How to Write a Great Research Paper

Even great research paper topics won't give you a great research paper if you don't hone your topic before and during the writing process. Follow these three tips to turn good research paper topics into great papers.

#1: Figure Out Your Thesis Early

Before you start writing a single word of your paper, you first need to know what your thesis will be. Your thesis is a statement that explains what you intend to prove/show in your paper. Every sentence in your research paper will relate back to your thesis, so you don't want to start writing without it!

As some examples, if you're writing a research paper on if students learn better in same-sex classrooms, your thesis might be "Research has shown that elementary-age students in same-sex classrooms score higher on standardized tests and report feeling more comfortable in the classroom."

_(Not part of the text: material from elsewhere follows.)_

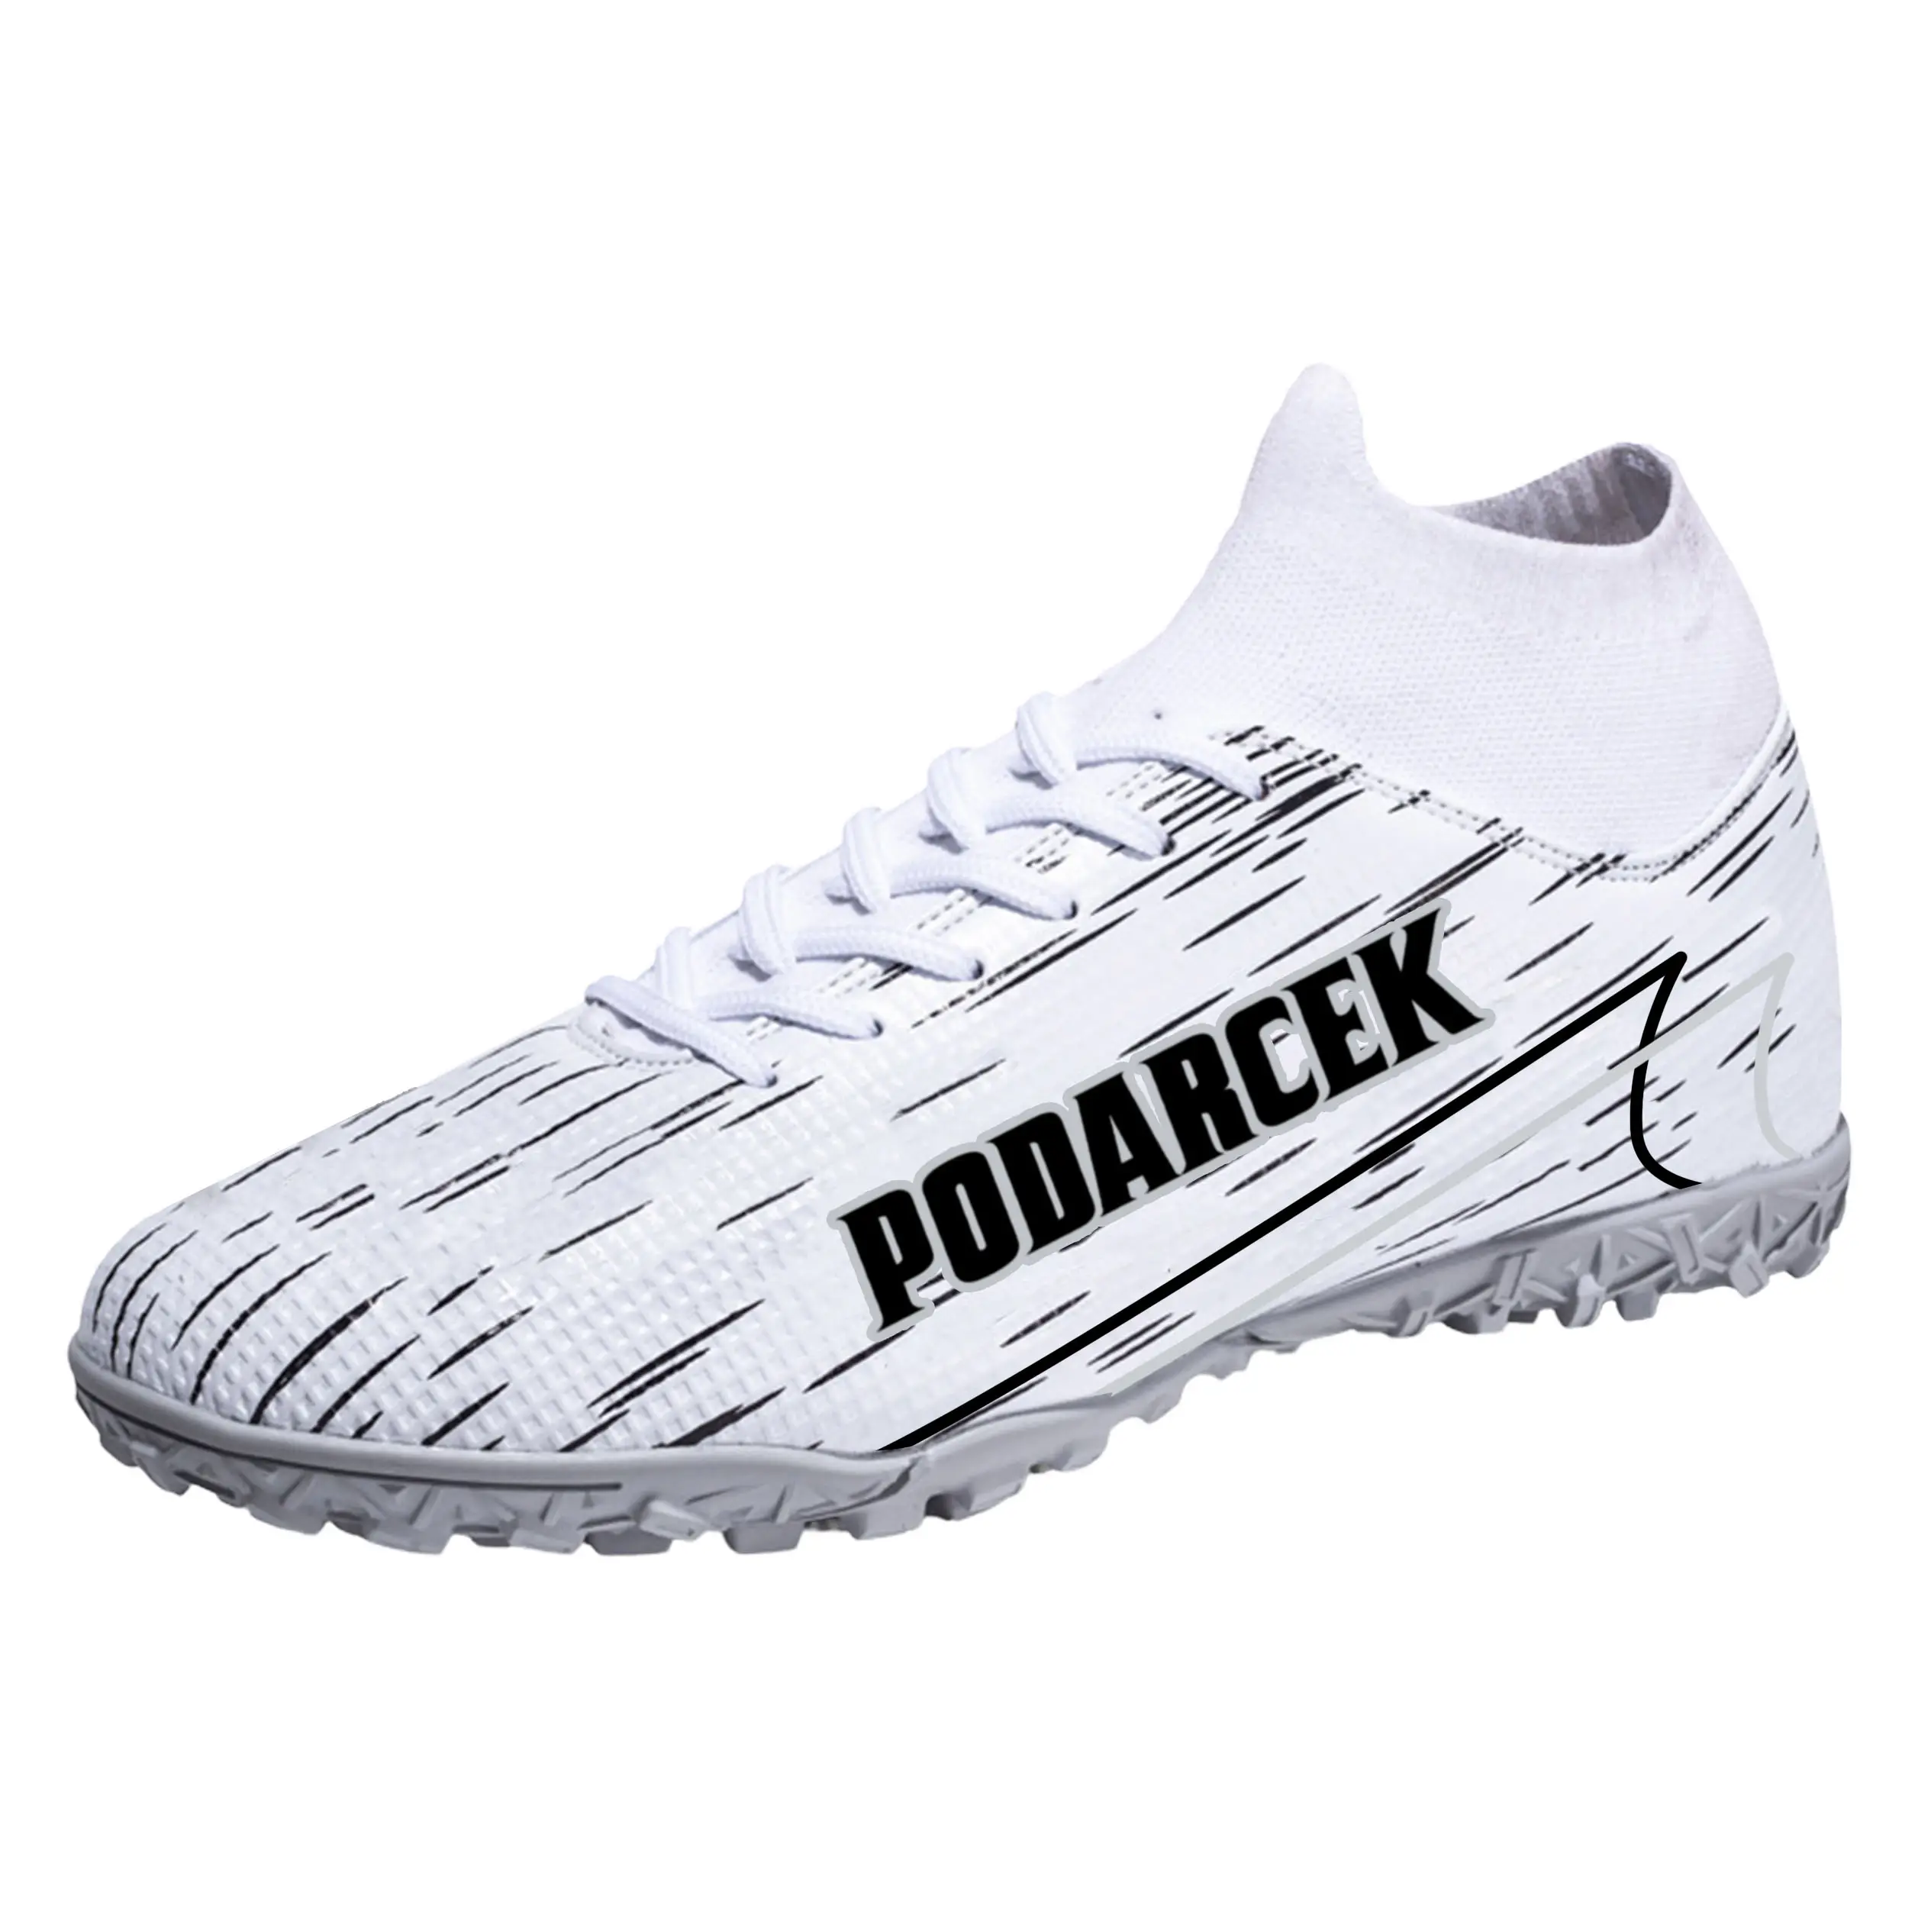 Factory Customize Oem Sale Online Men Kids Cleats Football Boots Guayos Para Futbol Black Soccer Shoes

If you're writing a paper on the causes of the Civil War, your thesis might be "While the dispute between the North and South over slavery is the most well-known cause of the Civil War, other key causes include differences in the economies of the North and South, states' rights, and territorial expansion."

#2: Back Every Statement Up With Research

Remember, this is a research paper you're writing, so you'll need to use lots of research to make your points. Every statement you give must be backed up with research, properly cited the way your teacher requested. You're allowed to include opinions of your own, but they must also be supported by the research you give.

#3: Do Your Research Before You Begin Writing

You don't want to start writing your research paper and then learn that there isn't enough research to back up the points you're making, or, even worse, that the research contradicts the points you're trying to make!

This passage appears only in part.